As with the existing office to residential change of use, this is proposed to be subject to the authority's prior approval in relation to flooding, transport and contamination, but additionally in relation to noise. 

The consultation asks whether the right should be subject to a floorspace limit and whether it should be extended to national parks, conservation areas and/or areas of outstanding natural beauty. 

High street uses to residential

It is also proposed that certain sui generis uses on the high street (laundrettes, amusement arcades, casinos and nightclubs) should be permitted to change to residential. Again, any change of use would be subject to the authority's prior approval relating to flooding, transport and contamination (but not noise). 

More flexibility on the high street

The consultation proposes removing financial services (ie banks and building societies), professional services, estate agents and employment agencies out of Class A2 and into Class A1. This will allow more changes of use to take place without the need for planning permission (changes within Class A1 do not require permission). 

Under the proposals, betting shops and payday lenders will remain within Class A2 and the ability to change to such Class A2 uses without planning permission will be limited.

Other proposals

The consultation contains the following proposed changes:

  • Extensions for homeowners - making the existing temporary rights to build larger extensions permanent.
  • Permitted change of use to Class A3 restaurants and cafés (of up to 150 sq. m.) - benefitting Class A1 and A2 uses, plus laundrettes, amusement arcades/centres, casinos and nightclubs. This is subject to prior approval by way of neighbour notification, so that if objections are received relating to noise, odours, traffic and opening hours, such issues will then become subject to the Council's prior approval. 
  • Permitted change of use to Class D2 assembly and leisure - benefitting Class A1 and A2 uses plus laundrettes, amusement arcades/centres and nightclubs.
  • Improvements to retail premises - allowing ancillary buildings to be built within the boundaries of a Class A1 shop (including within the car park), increasing the threshold for building internal mezzanine floors and allowing loading bay capacity to be increased without the need for a planning application. 
  • Extensions to business premises - making permanent the temporary permitted development rights previously introduced allowing (subject to conditions) extensions of up to 100 sq. m. for offices, shops, and financial services. 
  • Commercial filming - allowing filming and associated physical development to take place (subject to conditions, including that there are no physical alterations to the building and that land and buildings are reinstated) subject to prior approval relating to transport, a travel plan, noise and light. 
  • Solar panels on commercial premises - allowing solar panels to be put up on commercial premises without the need for a planning application (subject to prior approval relating to siting and design.

Article 4 Directions

Local planning authorities can remove permitted development rights by making an Article 4 Direction. The consultation proposes that Article 4 Directions should not remove the right to develop where prior approval has been given but the development has not yet commenced. 
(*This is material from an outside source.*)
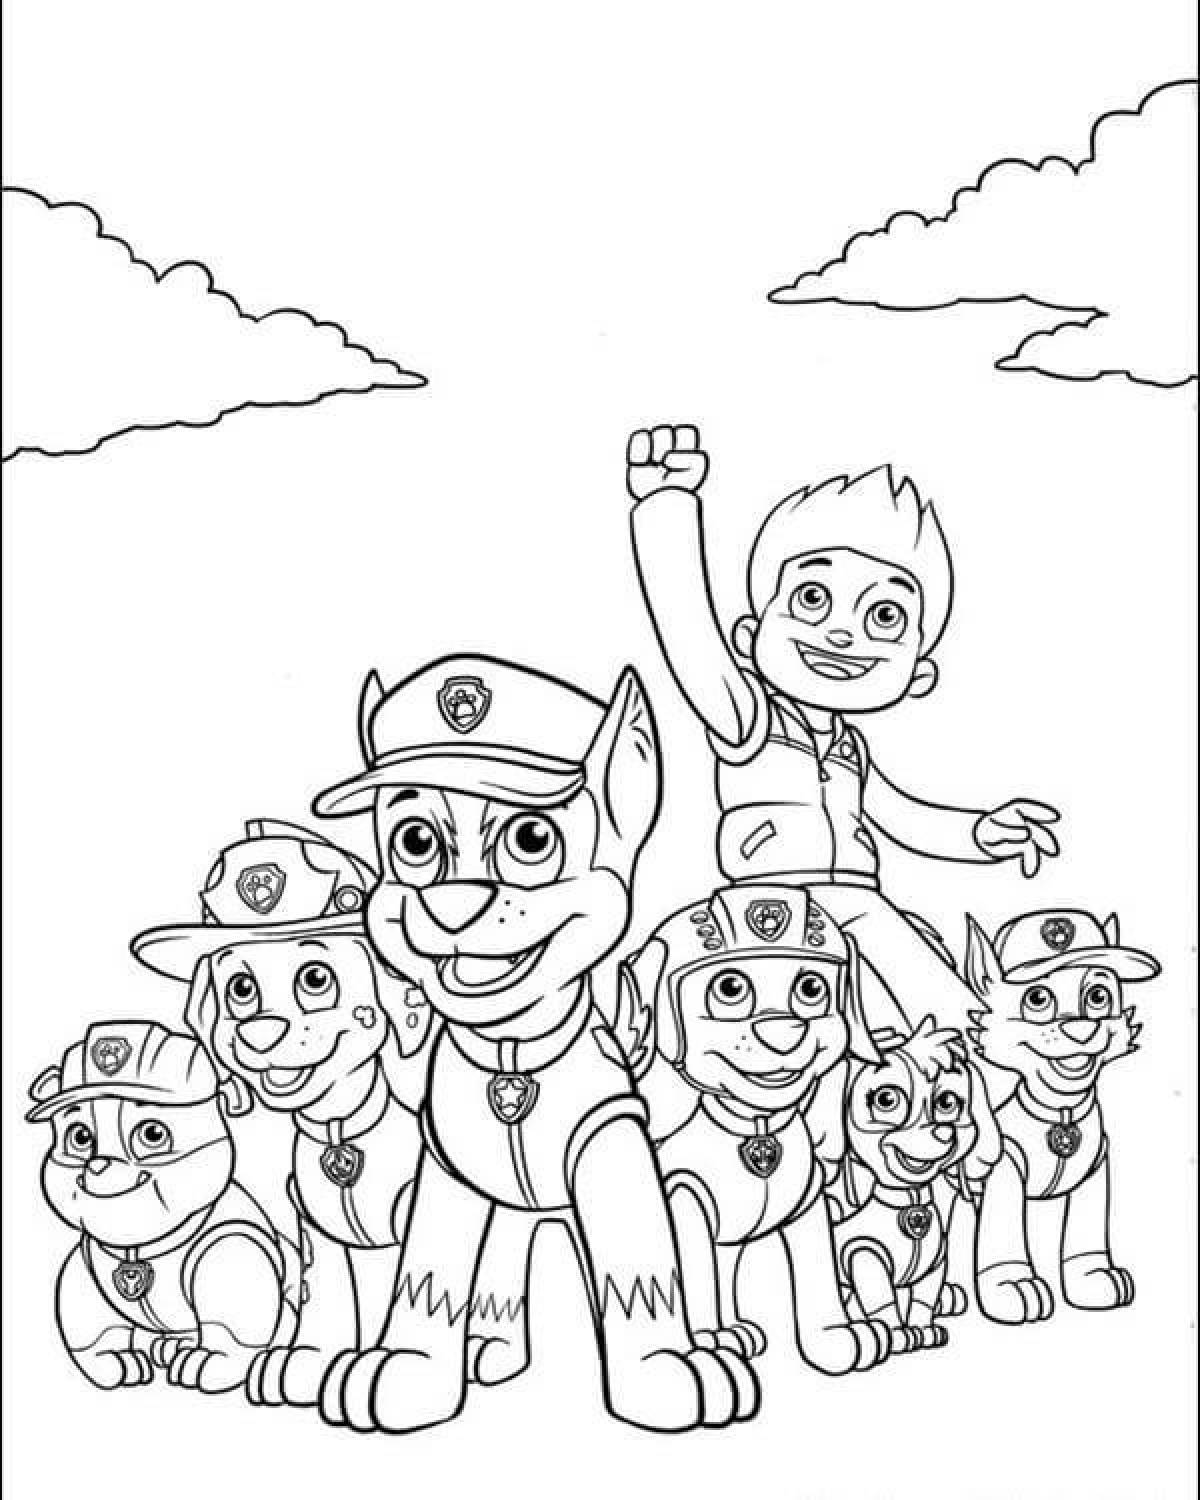 Ryder and the Paw Patrol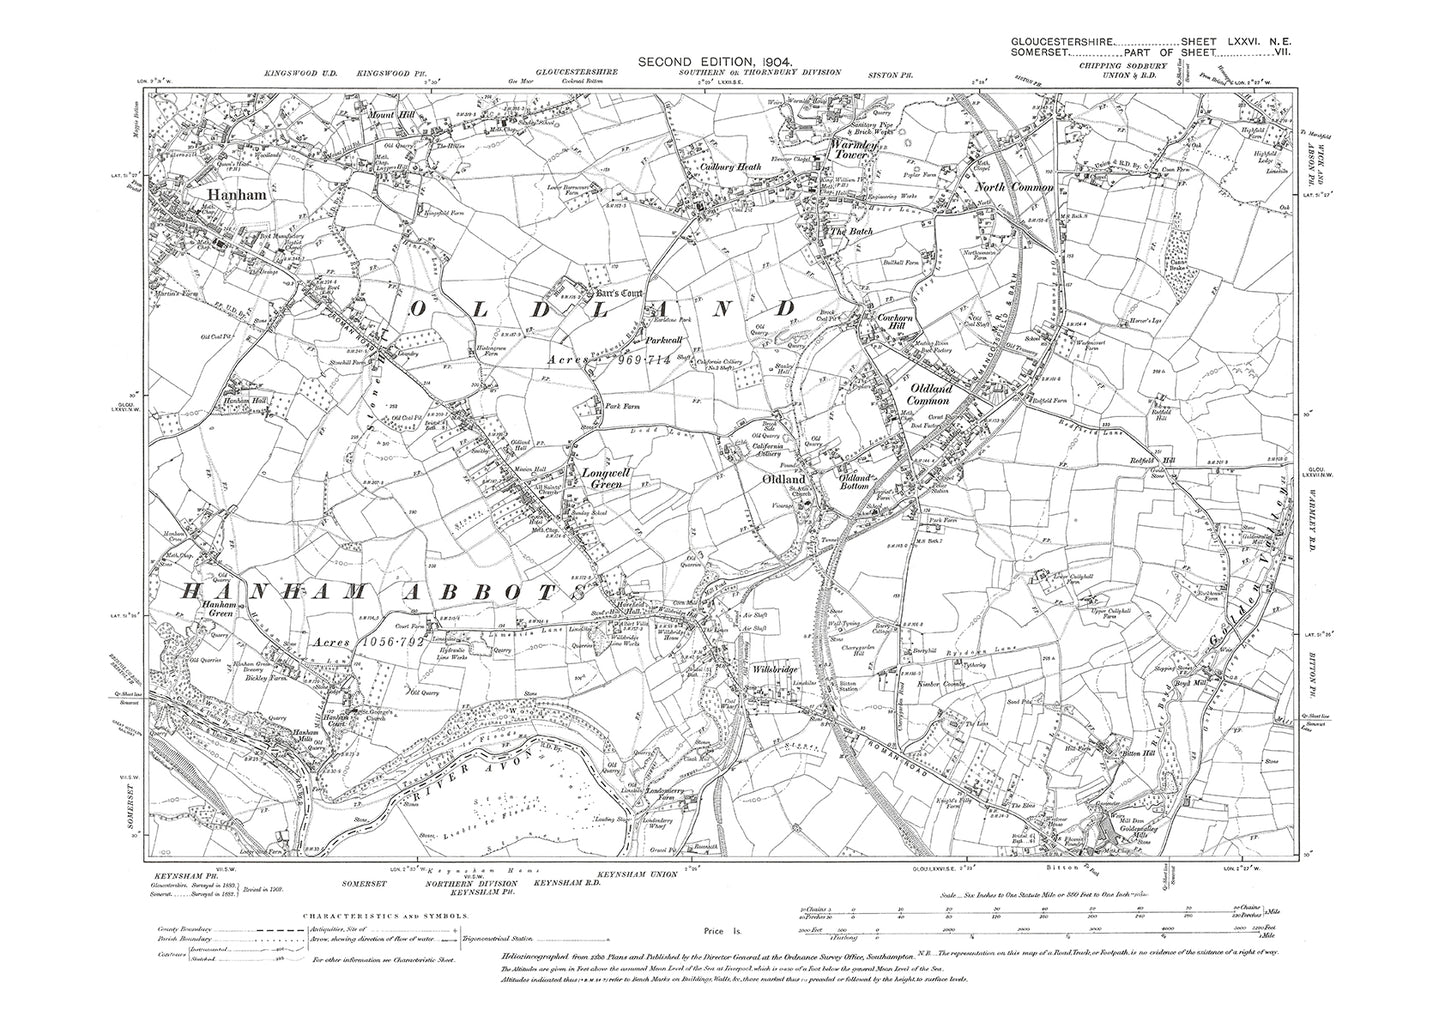 Old OS map dated 1904, showing Hanham, Oldland, Warmley Tower, Longwell Green, Bitton (north) in Gloucestershire - 76NE

The government is also seeking views on whether the permitted development rights set out in the consultation should be subject to compensation in the event they are removed by a Direction. 

Final Thoughts

Further widening of permitted development rights (particularly the removal of the exempted areas for office to residential change of use) is controversial with local planning authorities, as it undermines their ability to control development and retain employment and runs counter to the principle of localism much trumpeted by the government.

The government's commitment to pushing through the change will be tested, particularly in light of next year's elections.

The changes also further blur the boundary between permitted development and planning application. In particular, the introduction of strategic planning considerations into the prior approval process brings issues of policy into permitted development.